Discuss this with yourself…

I just finished reading an article about “Electronic Overload.” The article encouraged me to determine whether or not it was time for me to get disconnected by asking myself a series of questions. (I kinda hoped the article would suggest feeling compelled to read it mean I needed to disconnect.)

At the same time, the article suggested that a need to be constantly connected to Facebook, Twitter, etc. has become the “new norm” whereby we feel compelled to keep up with our 813 Facebook Friends’ Daily travails, food choices, game scores, and assorted other drama. So I’m not sure if I was being encouraged to disconnect or understand that this is the way life now happens.

Since I had just spent my daily fifteen minutes of Facebook time prior to reading the article, I could relate. When I closed Facebook I found myself actually chuckling over some of the things I’d learned. I suppose I could list some here, but I’m not going to risk embarrassing people. Suffice it to say that I’m not sure I gained much by knowing where people partied last night, what quotes they liked and shared, what music they were listening to…

Okay, the latest picture of a nephew was  really cute… and having occasional contact with relatives and friends quite literally around the world is sorta neat. Many of these connections are ones I wouldn’t otherwise have. But like all good things, there’s a flip side to this. Our species seems to have difficulty with moderation.
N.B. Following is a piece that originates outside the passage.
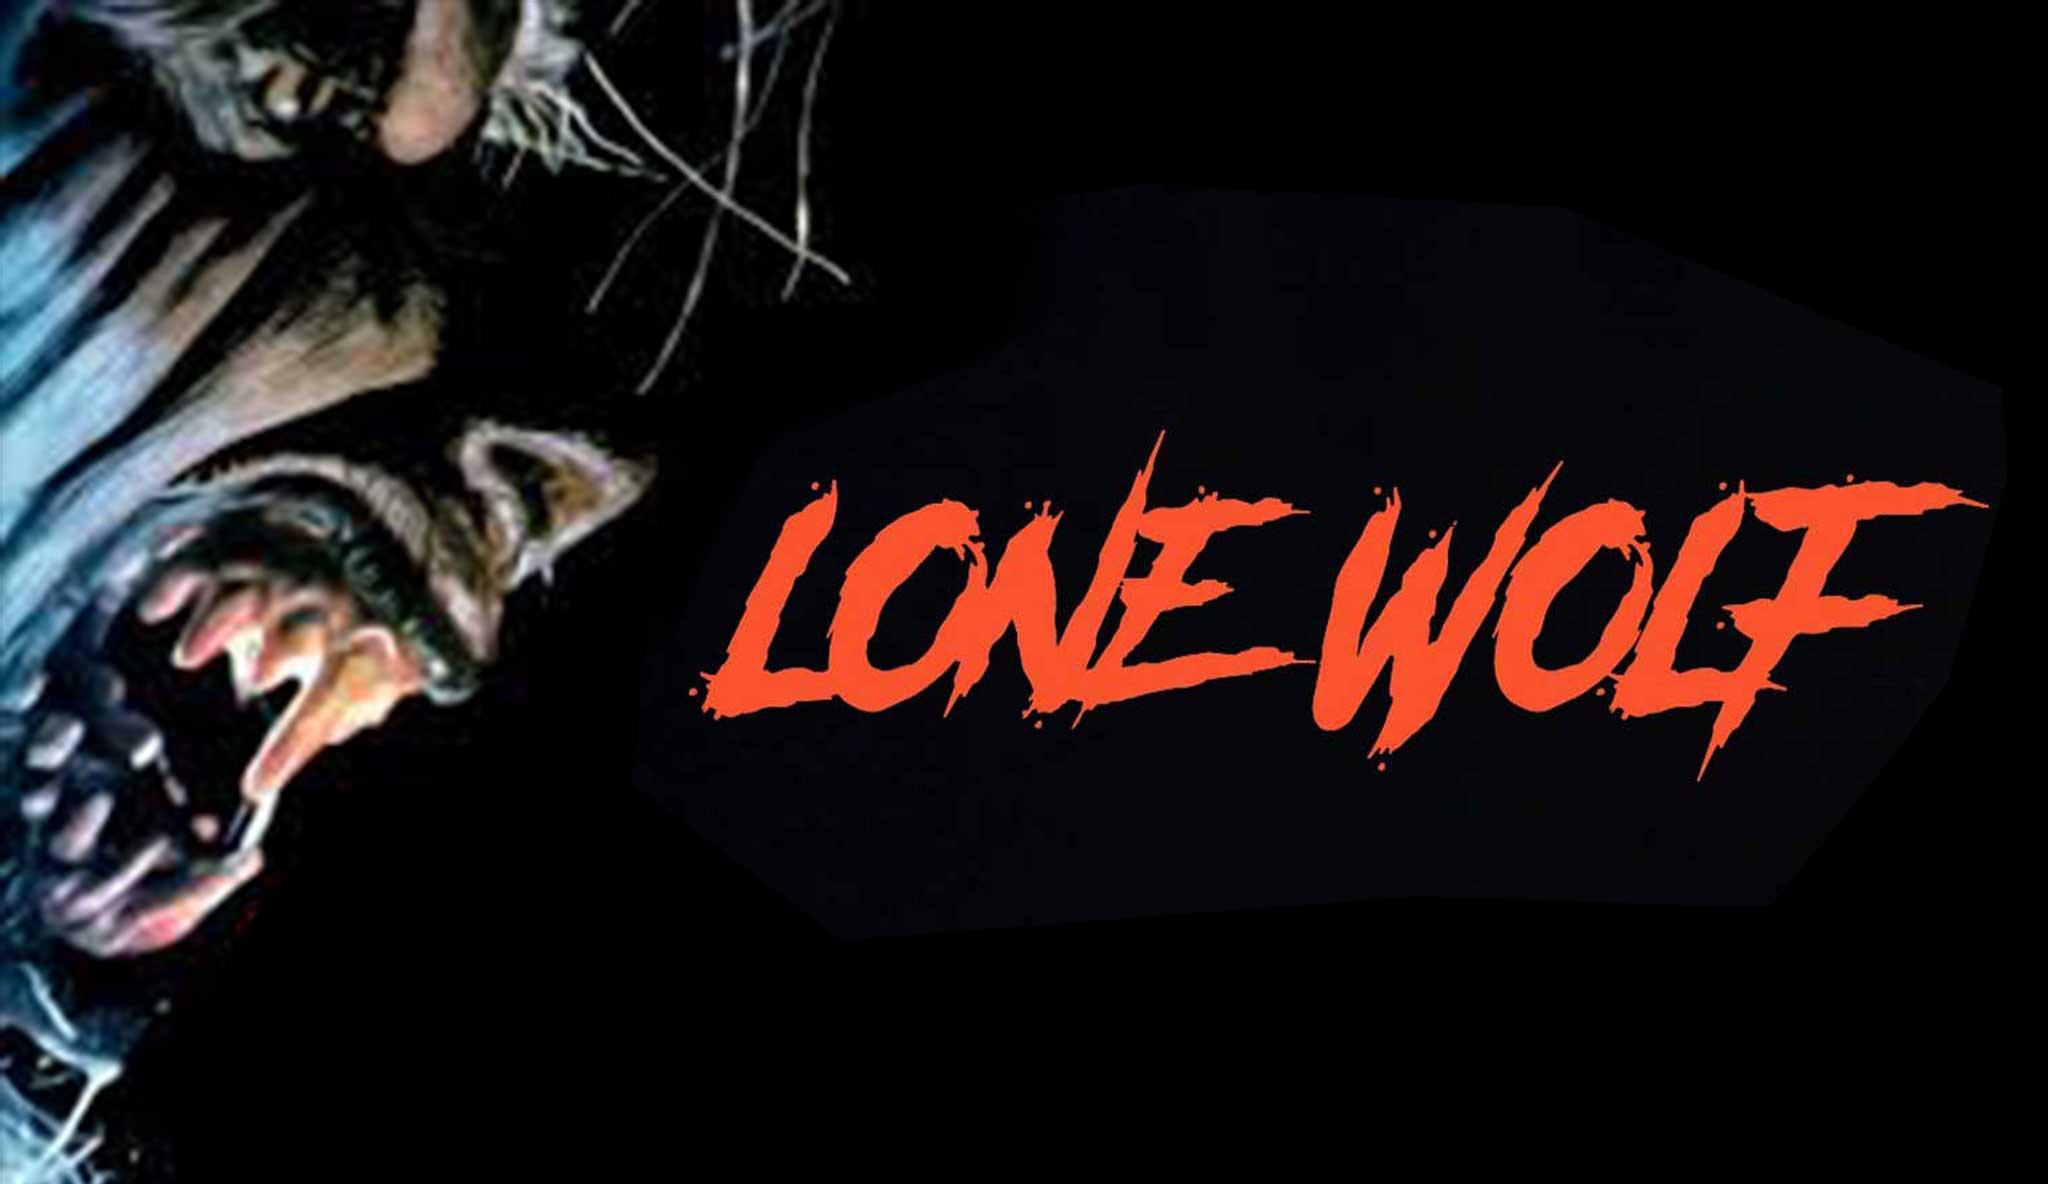 lone-wolf\header.jpg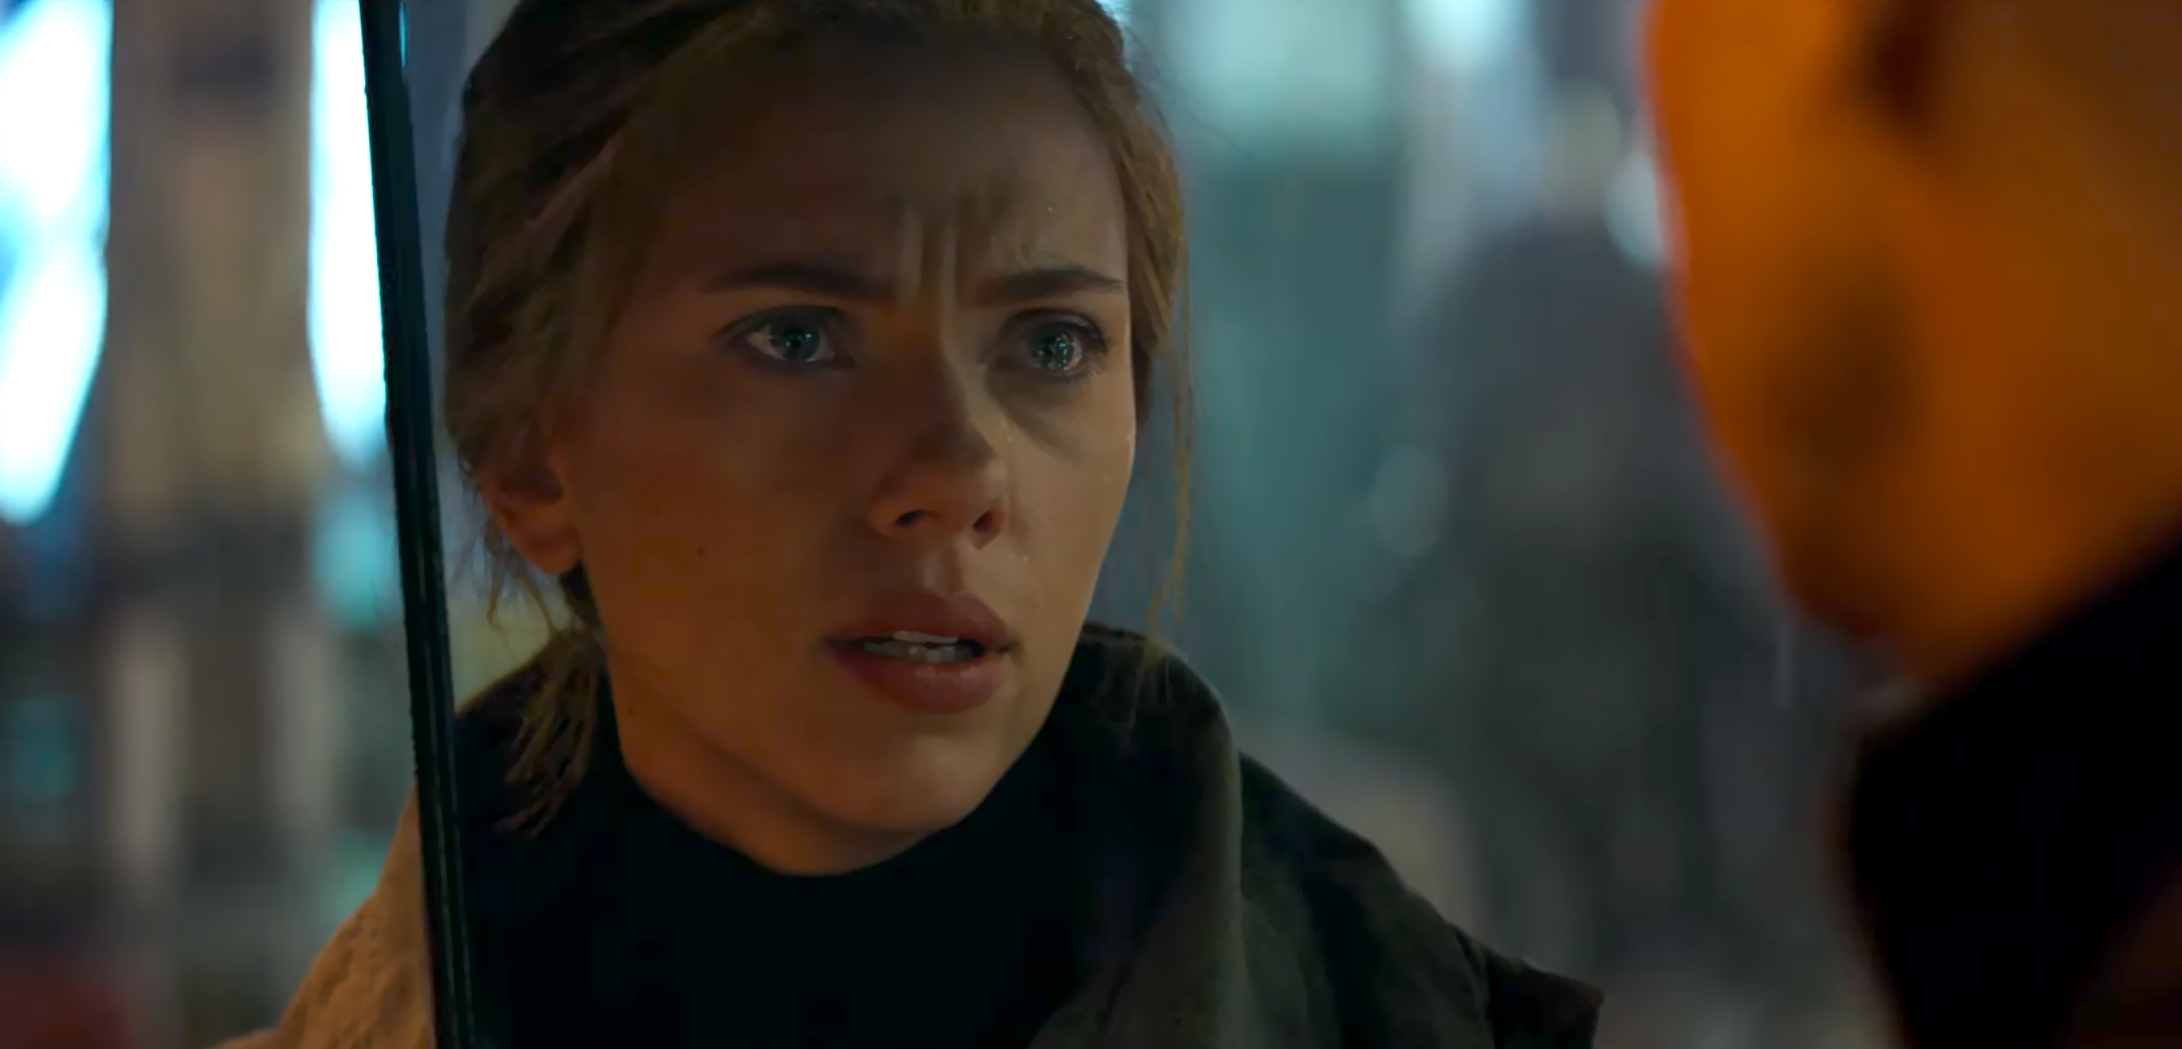 Scarlett Johansson in Marvel Studios' Avengers: Endgame

I recently had a conversation (in real-time on the phone, not online) with a friend (A) who reported some difficulties with a mutual acquaintance (B) who “usually gets things done,” but has been unresponsive of late and is creating some difficulty as a result. A quick check of Facebook yields lots of reports of B’s game achievements and at least one request for me to “connect” and join in. Do you suppose there is a correlation? Is B somebody who should perhaps occasionally disconnect?

On a slightly different track, another friend sent me a link via email to a site with a cartoon she was quite sure I’d enjoy. In my reply to her, I noted that she created a bit of “lost time” for me this morning as I couldn’t resist poking through some of the others. It was in the course of doing that I encountered one that instructed: “Discuss this with yourself.” Now that’s a concept that deserves some exploration. For students who attend classes I teach, you can be assured you’ll occasionally hear that.

So here’s the deal. I’m not going to ask you to discuss whether or not you need a little disconnect from electronic media. Many of you already know you do. I am going to ask you to discuss your priorities with yourself. That might include a hard look at your Facebook, Twitter, Email, etc. activity… if you can be objective about what you see, it will show you where your priorities are in practice.  If you can’t be objective (an admittedly difficult assignment–we’re better at rationalizing our behavior than analyzing it), at least discuss with yourself what you think your priorities are. Then discuss with yourself if your connections and habits match your priorities.